それぞれ、雫を正気に戻そうと奔走する中ー

徹底的にとぼけるような言動を繰り返す愛梨沙ー。


そんな中、輝樹は”あること”を考え付きー、

それを実行に移そうとしていたー。


☆前回はこちら↓☆

<MC>歪められた絆⑲~絶望~

ヘルメットを被った人物の正体を探る雫の兄・悠馬と 雫の彼氏・輝樹ー。 ヘルメットの人物こそが、妹の雫を洗脳した張本人ー。 裏社会の便利屋・玉城東吾と結託して、 雫を洗脳したその人物の正体を突き止めない限り、 雫を正気に戻すことはできないー。 そんな中、輝樹は悠馬の彼女である愛梨沙を疑い、 執拗に愛梨沙を...

・・・・・・・・・・・・・・・・・・・・・・・


★主な登場人物★


・神里 悠馬(かみさと ゆうま)

大学生。妹の雫が豹変したことに困惑する。


・神里 雫(かみさと しずく)

高校生。
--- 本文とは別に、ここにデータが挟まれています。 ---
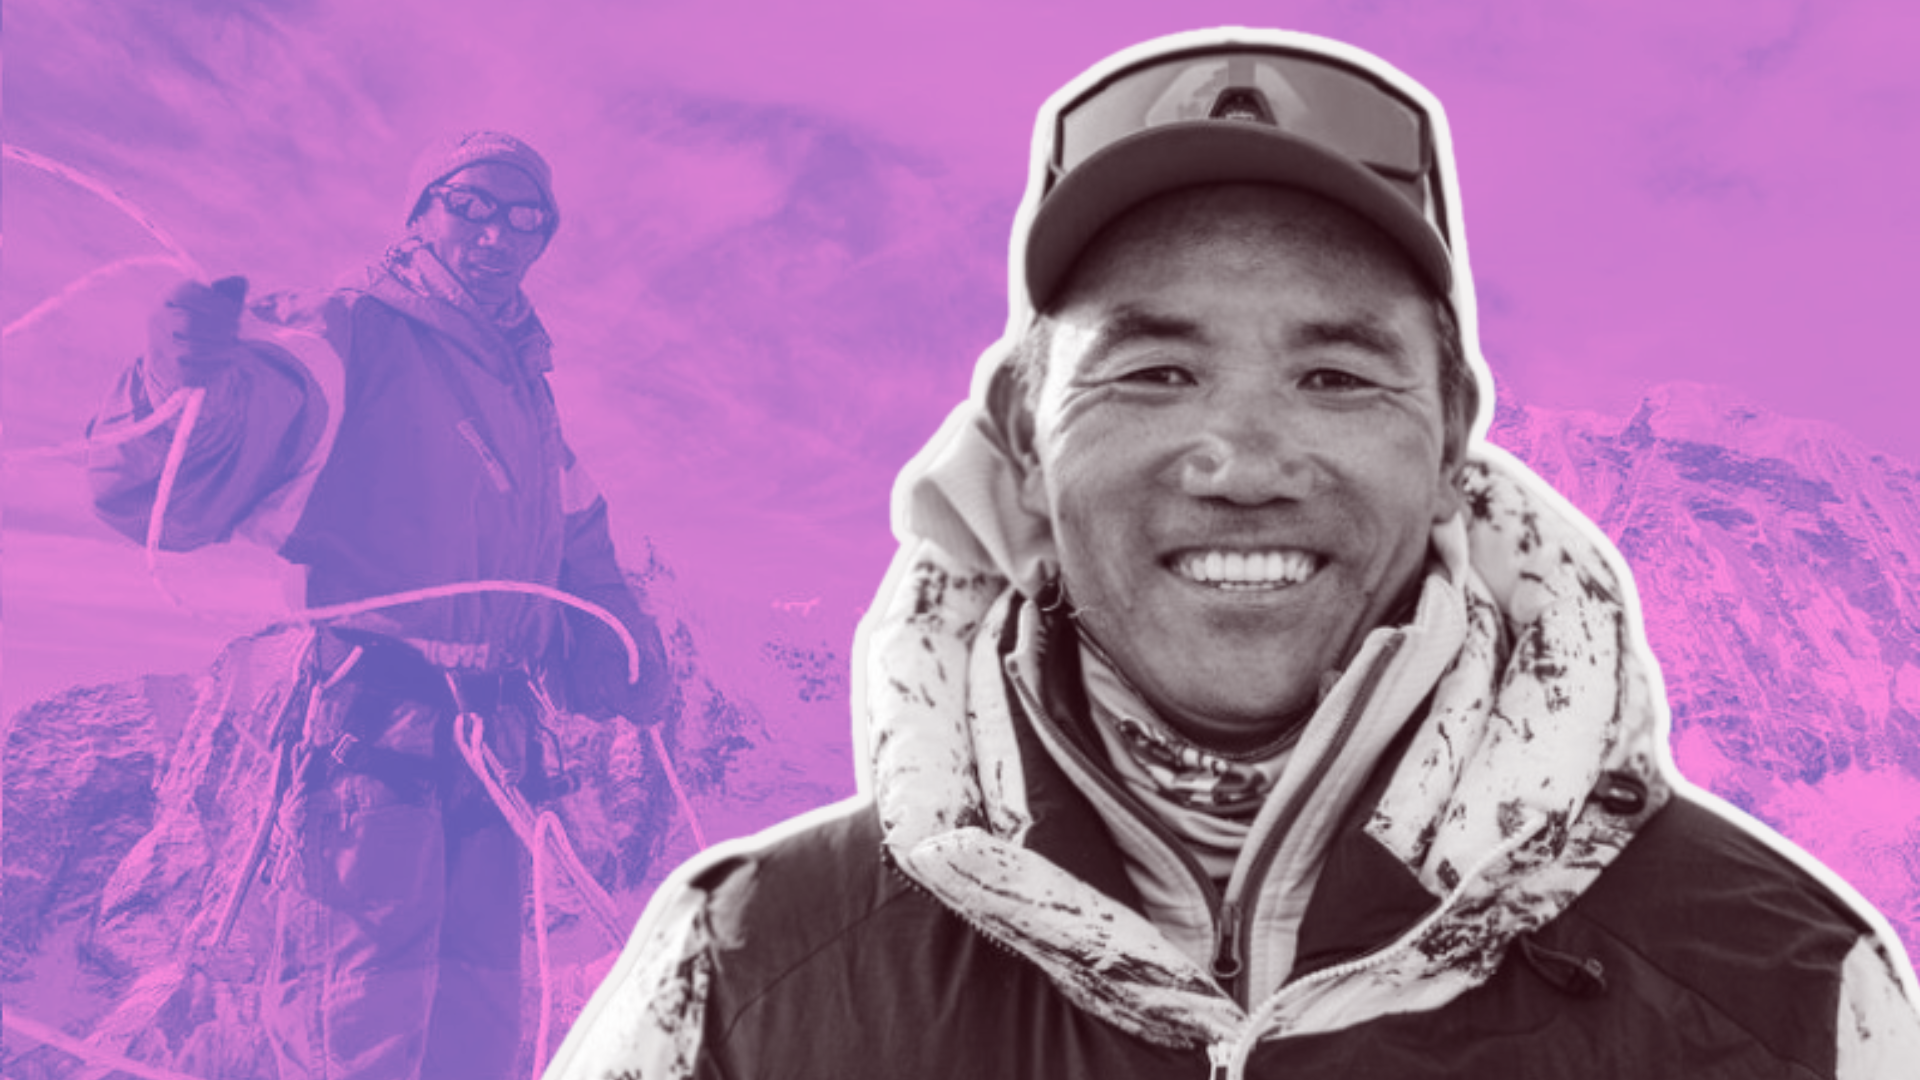 Who Is Kami Rita Sherpa? Nepali Climber Breaks His Own Record By Scaling Mt. Everest For The 29th Time

兄の悠馬のことが大好き。少しイタズラっ子な一面も。


・森永 愛梨沙(もりなが ありさ)

大学生。悠馬の彼女。成績優秀な優等生。コスプレ趣味がある。


・藤嶋 亮介(ふじしま りょうすけ) 

大学生。高校時代からの親友。困った時には頼りになる存在。


・西園寺 美桜(さいおんじ みお)

高校生。妹・雫の親友。表裏が非常に激しい。


・九条 輝樹(くじょう てるき)

高校生。妹・雫の幼馴染で悠馬とも小さいころから面識がある。


・玉城 東吾(たまき とうご)

裏社会の便利屋。ヘルメットの人物と共に雫を洗脳した。


・・・・・・・・・・・・・・・・・・・・・


 「ーーーーーー何よー」

不満そうな表情を浮かべる雫ー。


「ーーーー……いやー」

雫の彼氏・九条輝樹は、学校で雫の顔をじっと見つめていたー。


「ちょっと!何なの!」

洗脳されている雫は、そんな輝樹の態度に苛立ち、机を叩くー。


雫の親友、西園寺美桜が、少し離れた座席から

そんな雫の態度を不快そうに見つめるー。


「ーーーーーーー」

それでも、輝樹は雫のほうをじっとー

見つめていたー


”その目”をー。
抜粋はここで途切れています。